# Homework Help: Quick topology question

1. Dec 18, 2007

### Mystic998

1. The problem statement, all variables and given/known data
All right, so this appeared on my final. The intervals are in the reals:

If f : [a, b] -> [c, d] , and the graph of f is closed, is f continuous?

2. Relevant equations

3. The attempt at a solution
Well, my gut reaction is no, just because it seems like a fairly strong claim, but I couldn't really come up with a decent counterexample. On the other hand, I can see that the graph has to be compact. And I think that would imply that f([a, b]) has to be compact (if it wasn't you could just take any open cover of [a, b] and an open cover of f([a, b]) that doesn't have a finite subcover, then the Cartesian product would be an open cover without finite subcover, I think). But I'm not sure where I can go from there or if that's even useful information.

2. Dec 19, 2007

### Dick

If the sequence x_i->x in [a,b] then the sequence f(x_i) has cluster points in [c,d] because [c,d] is compact. Suppose it has two unequal ones y1 and y2. Then since the graph is closed y1 and y2 are both on the graph.
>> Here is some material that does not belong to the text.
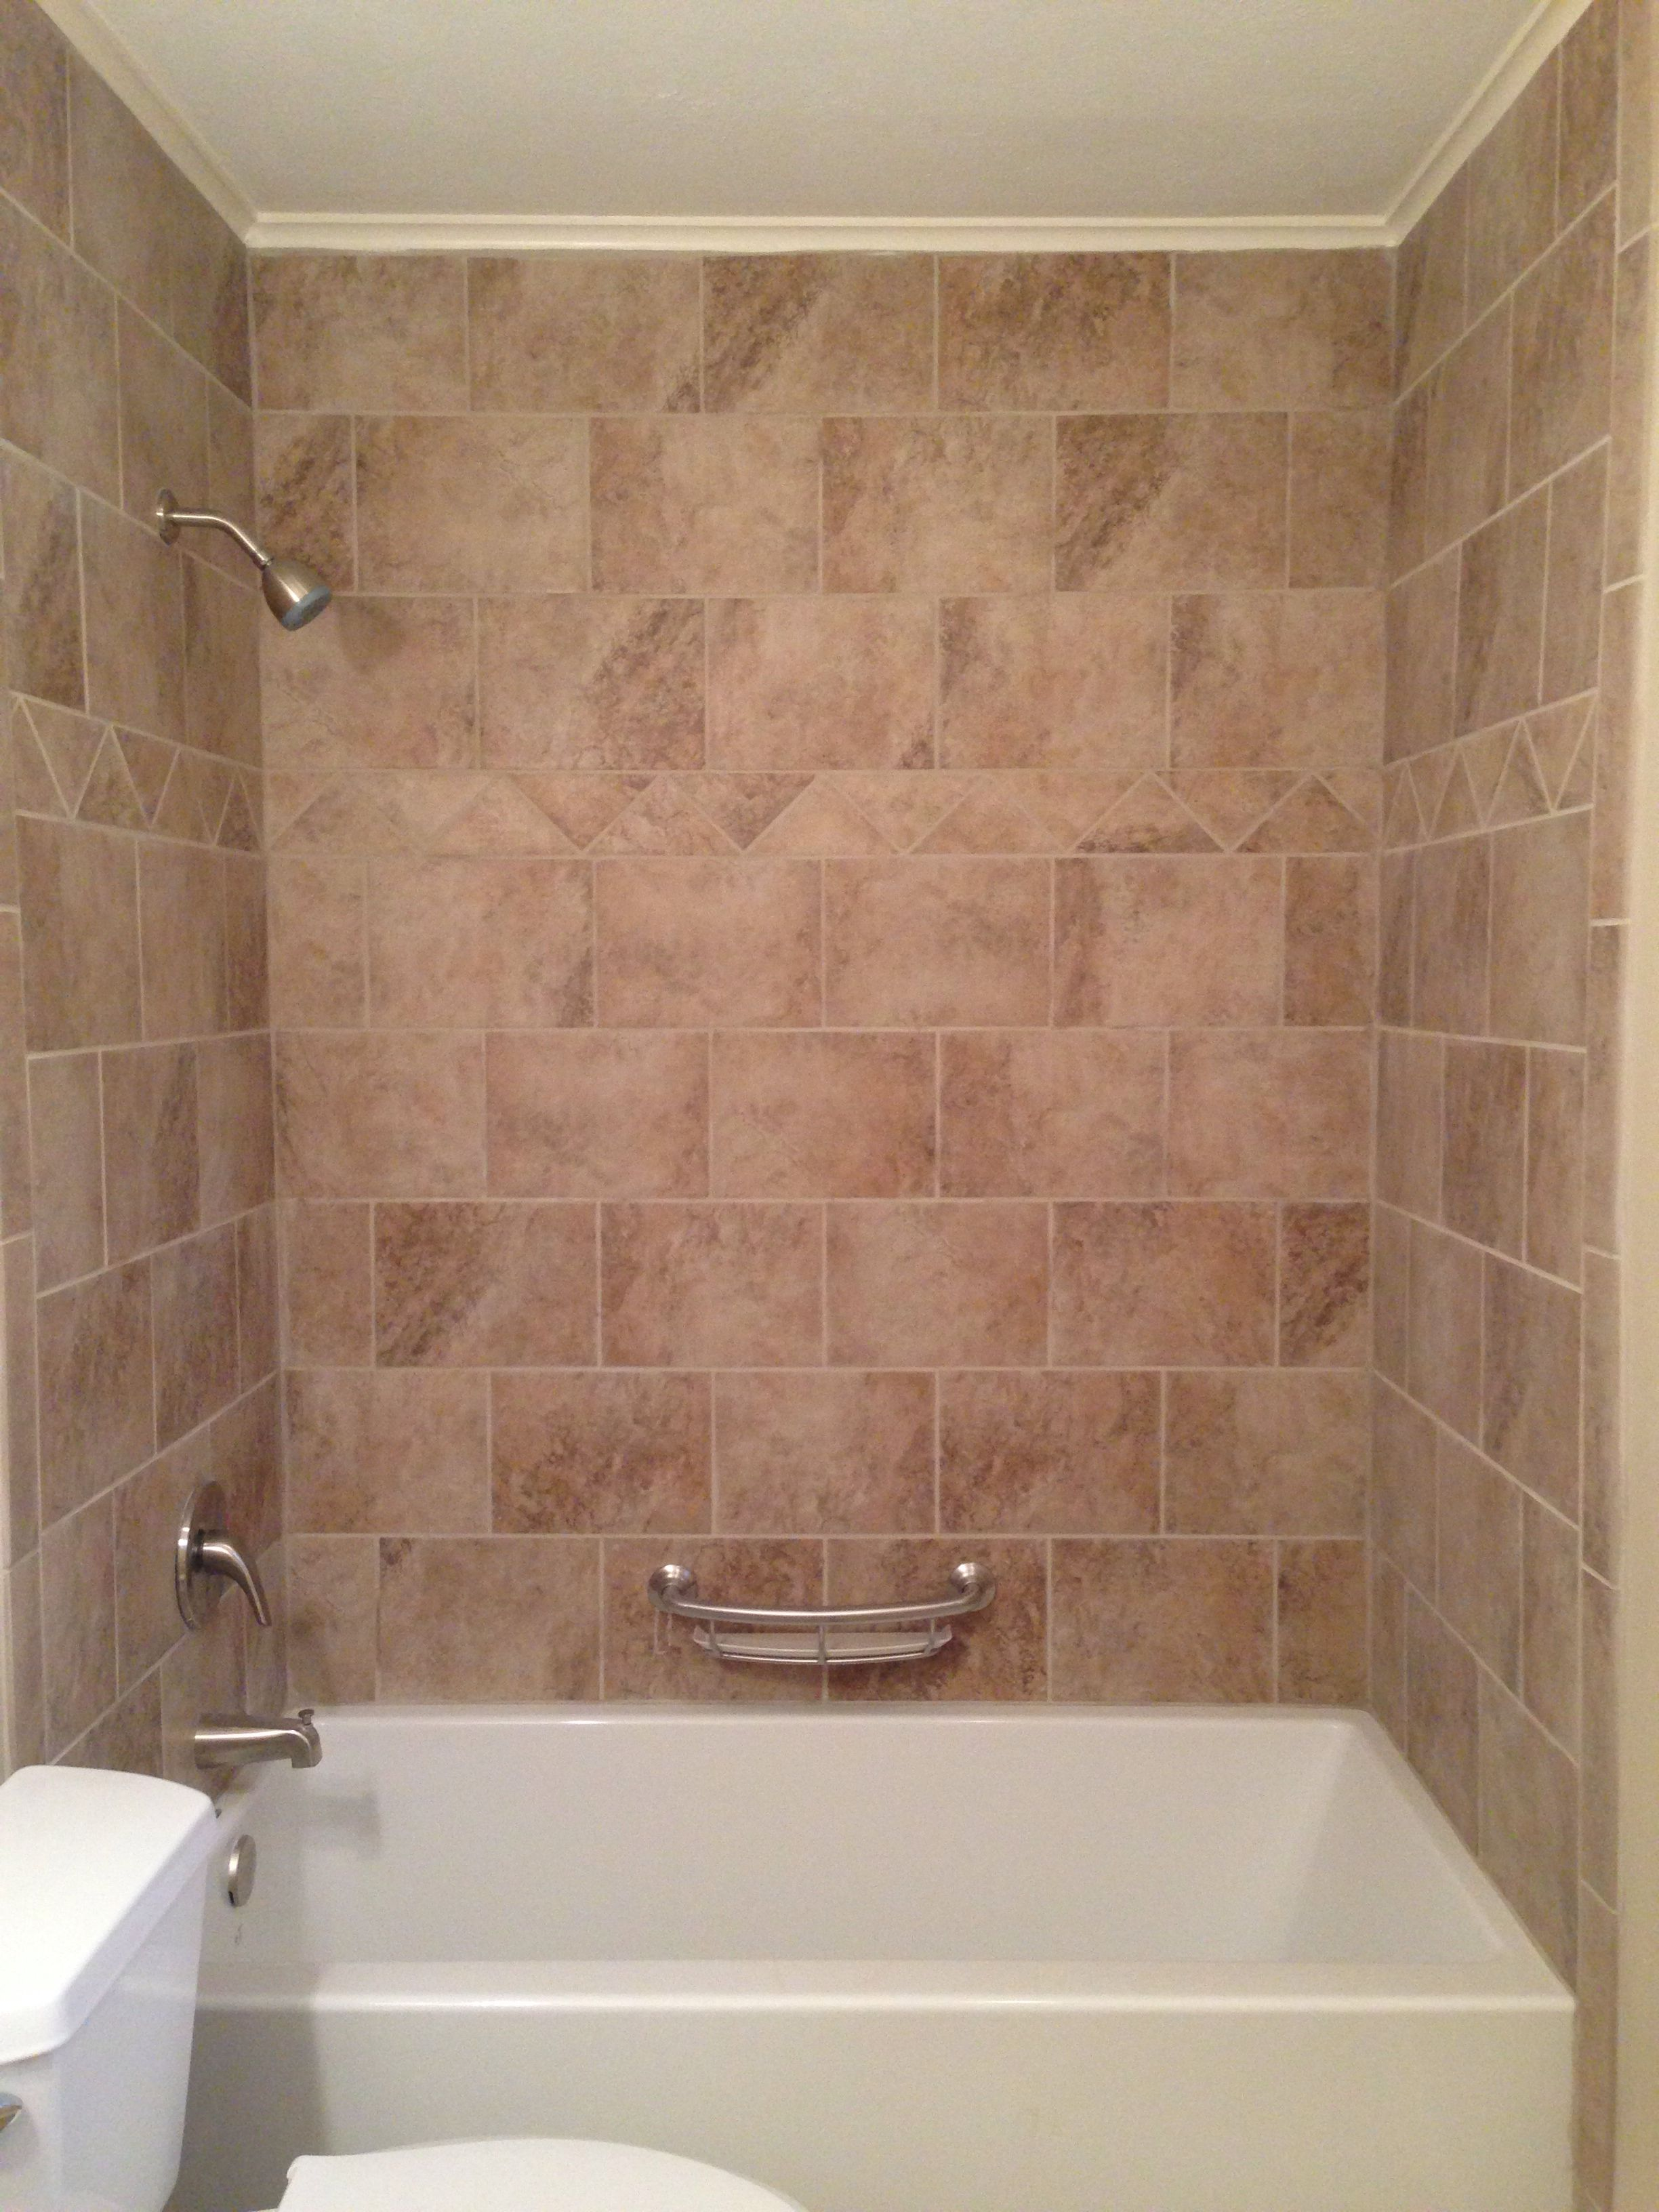 Tile surround bathtub. Beige tile around bathtub.

Is this compatible with f being a single valued function?

3. Dec 19, 2007

### quasar987

But what guarentees that the limit of f(x_i) is f(x)?

4. Dec 19, 2007

### zhentil

Bolzano-Weierstrass

5. Dec 19, 2007

### Dick

If f(x_i) has a limit y, then (x,y) is on the graph since the graph is closed. The graph is the set of all points (x,f(x)).

6. Dec 19, 2007

### quasar987

That's true. That was a good little problem!

7. Dec 19, 2007

### morphism

What about the converse: if f:[a,b]->[c,d] is continuous, then is its graph closed?

8. Dec 19, 2007

### quasar987

That one's easy. If (x_i, f(x_i)) is a converging sequence in the graph, then it means x_i -->x, for some x in [a,b], and by continuity, f(x_i)-->f(x). Since (x,f(x)) is in the graph, it's closed.